THE DATA:
· · ·
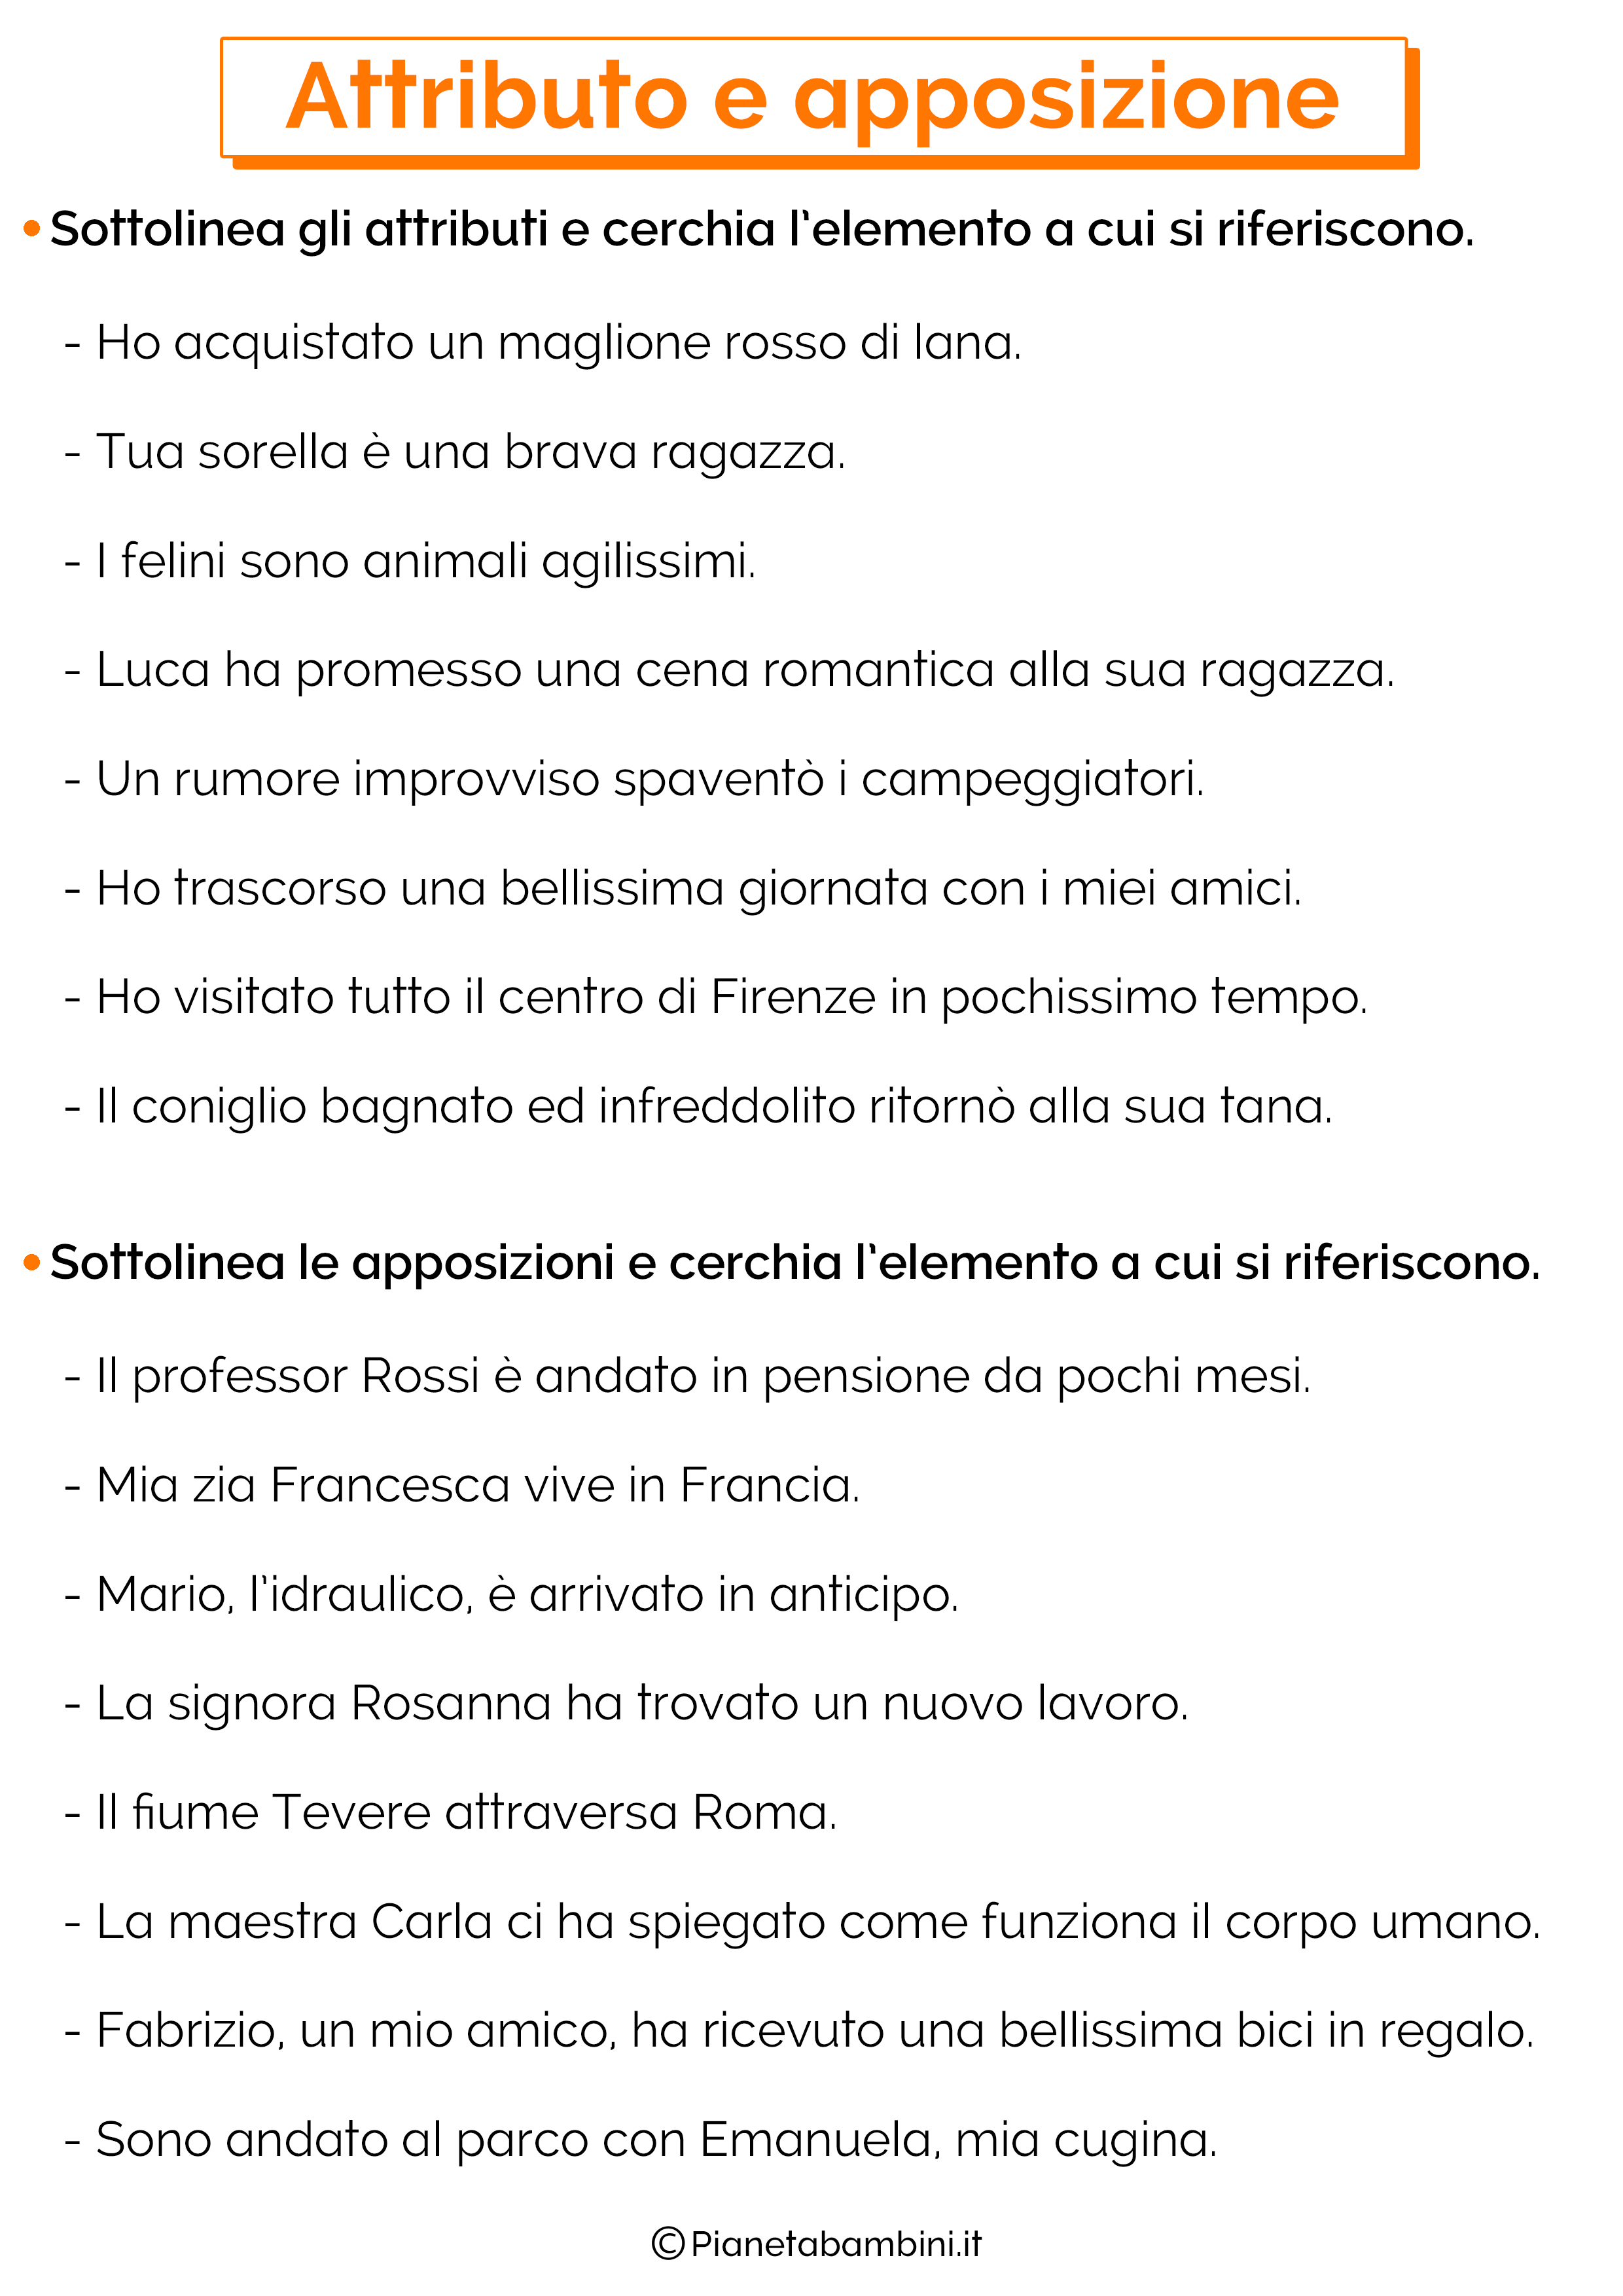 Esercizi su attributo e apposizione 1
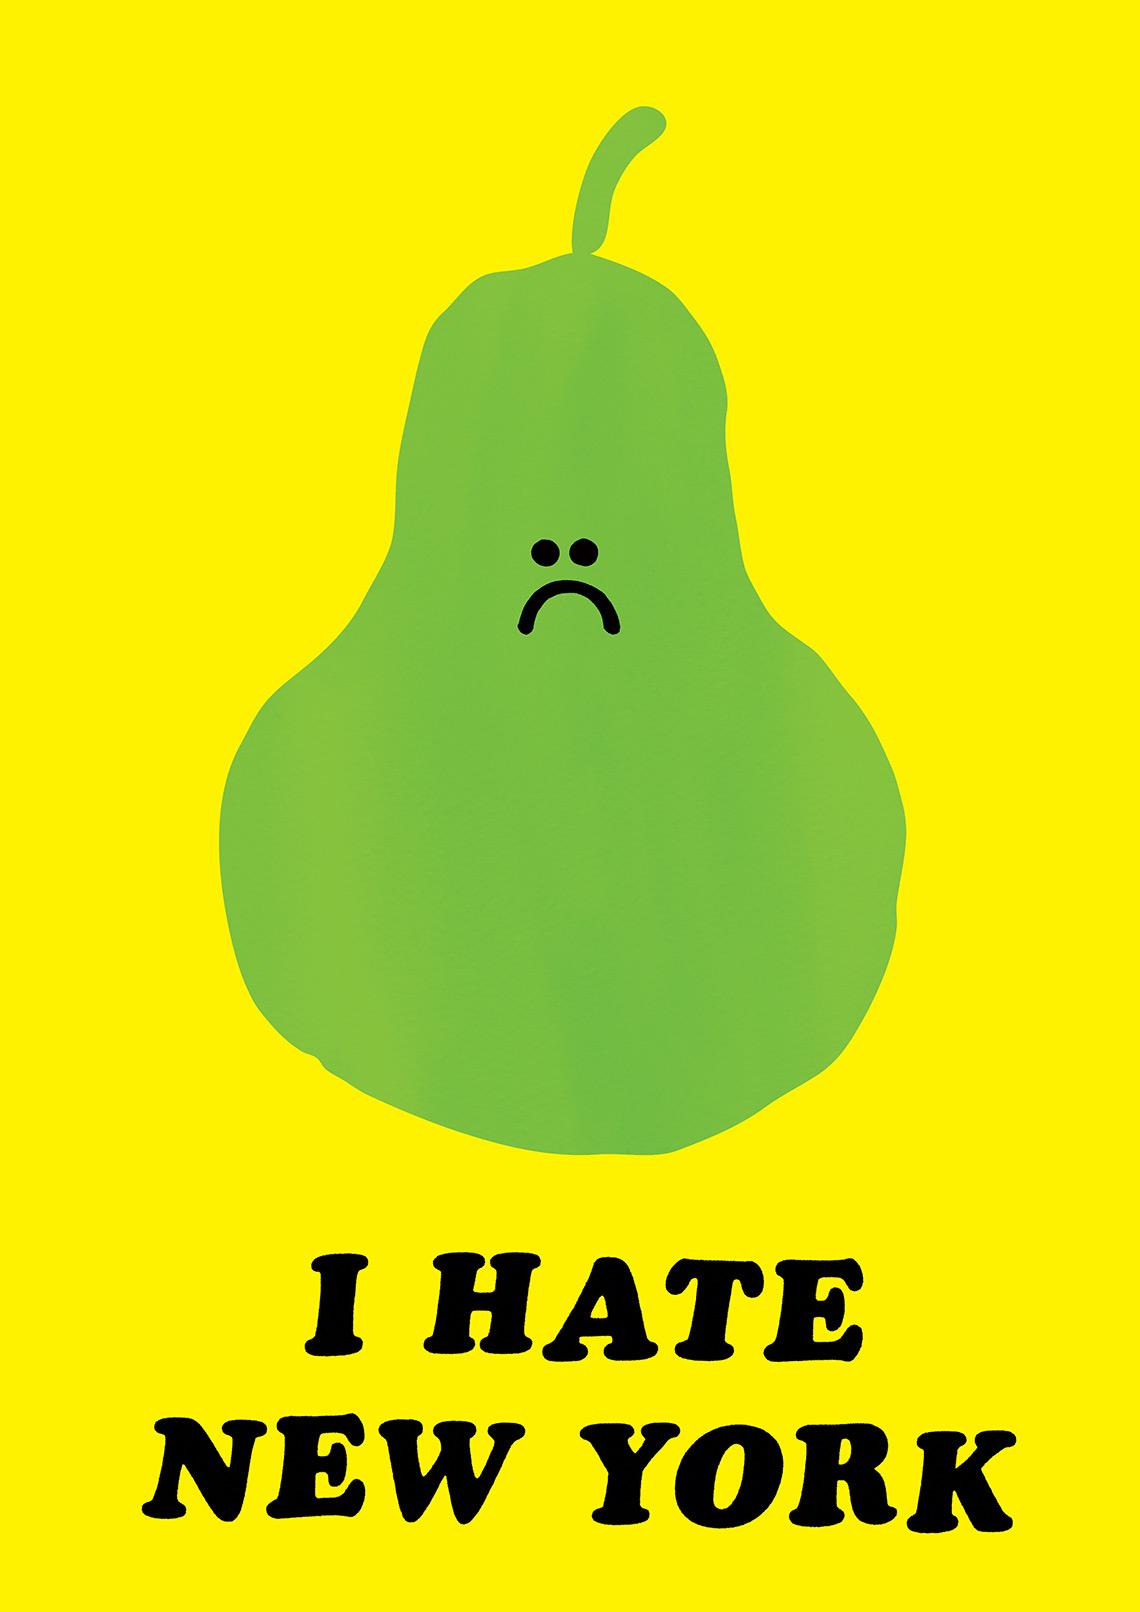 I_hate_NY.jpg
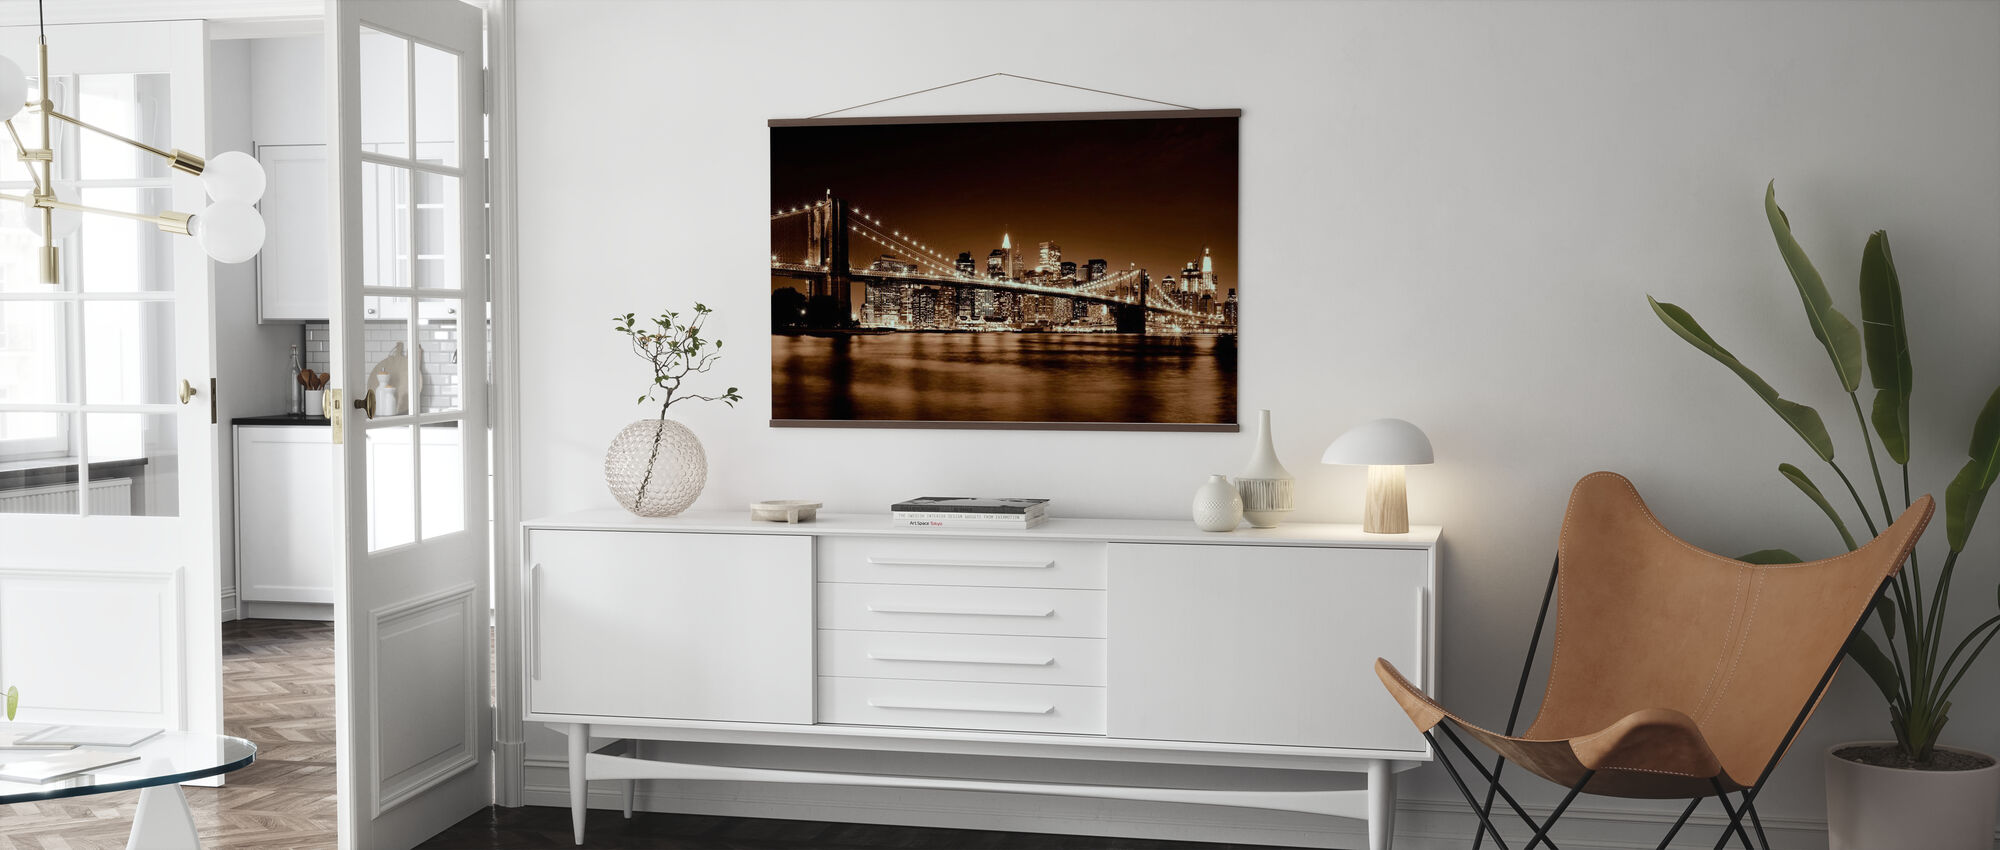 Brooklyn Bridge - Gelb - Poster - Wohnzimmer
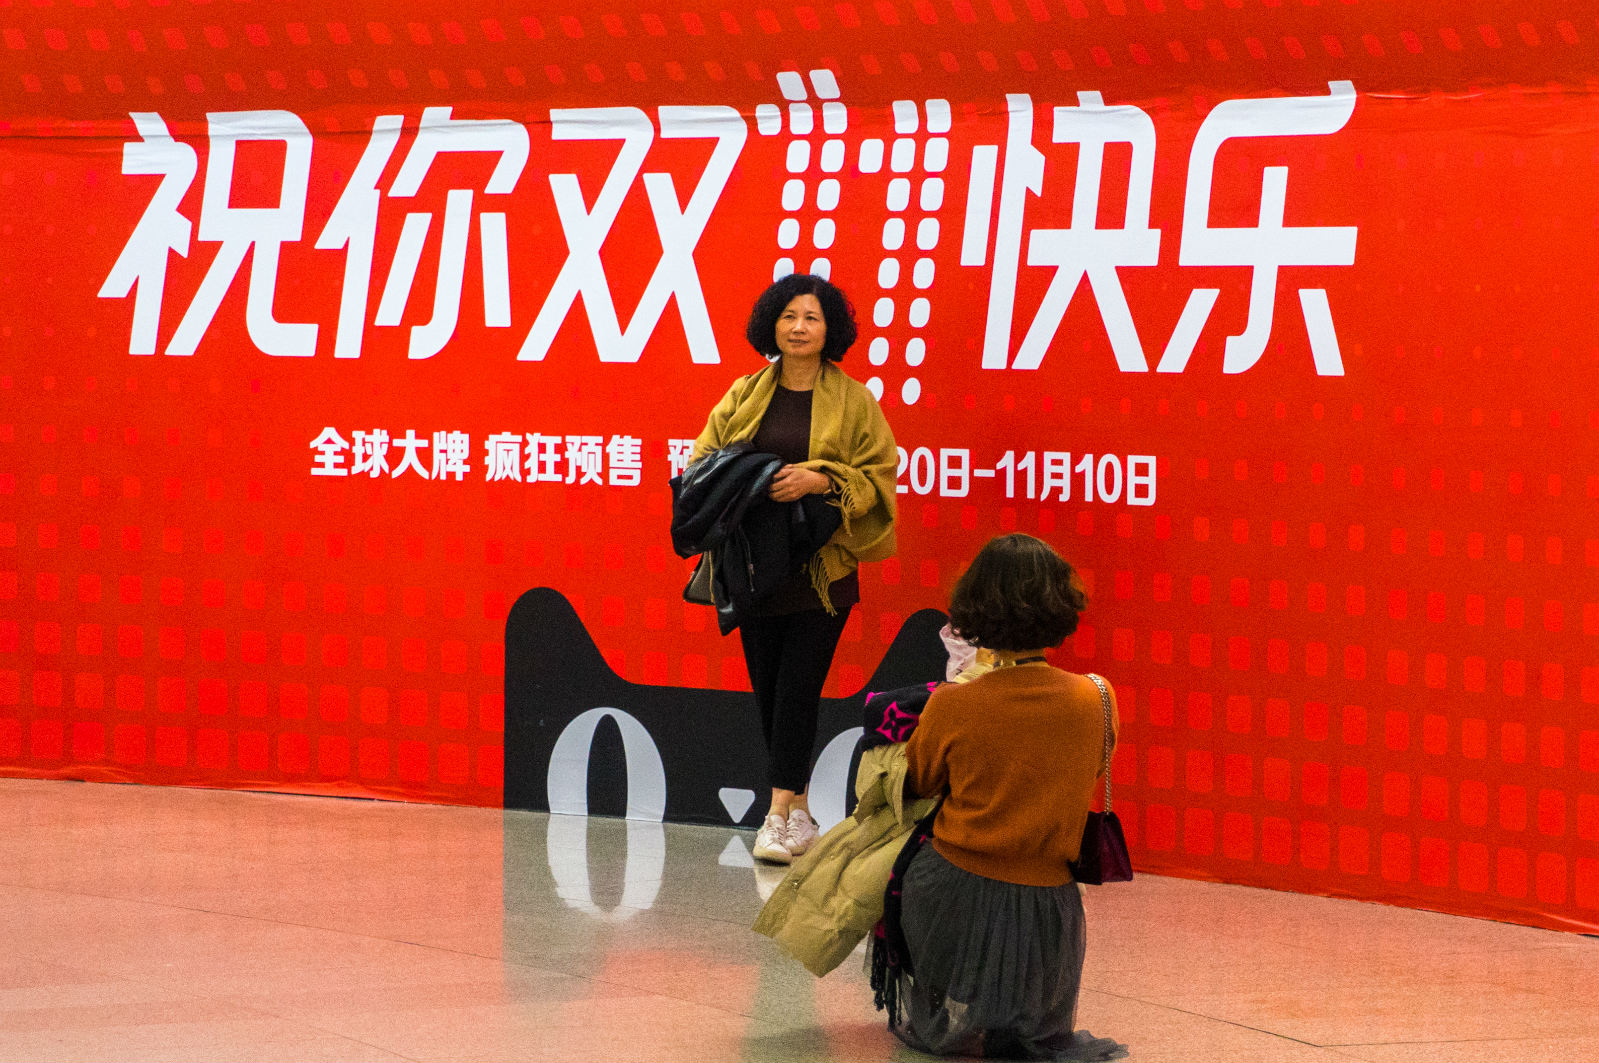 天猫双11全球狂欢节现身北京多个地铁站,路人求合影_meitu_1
· · ·
TASK PROMPT: Output, exactly and only: the line containing "Brooklyn Bridge - Gelb - Poster - Wohnzimmer", the last line of the listing above, and every line in between. Leave the pictures out.

ANSWER TO THE PROBLEM:
 Brooklyn Bridge - Gelb - Poster - Wohnzimmer
 天猫双11全球狂欢节现身北京多个地铁站,路人求合影_meitu_1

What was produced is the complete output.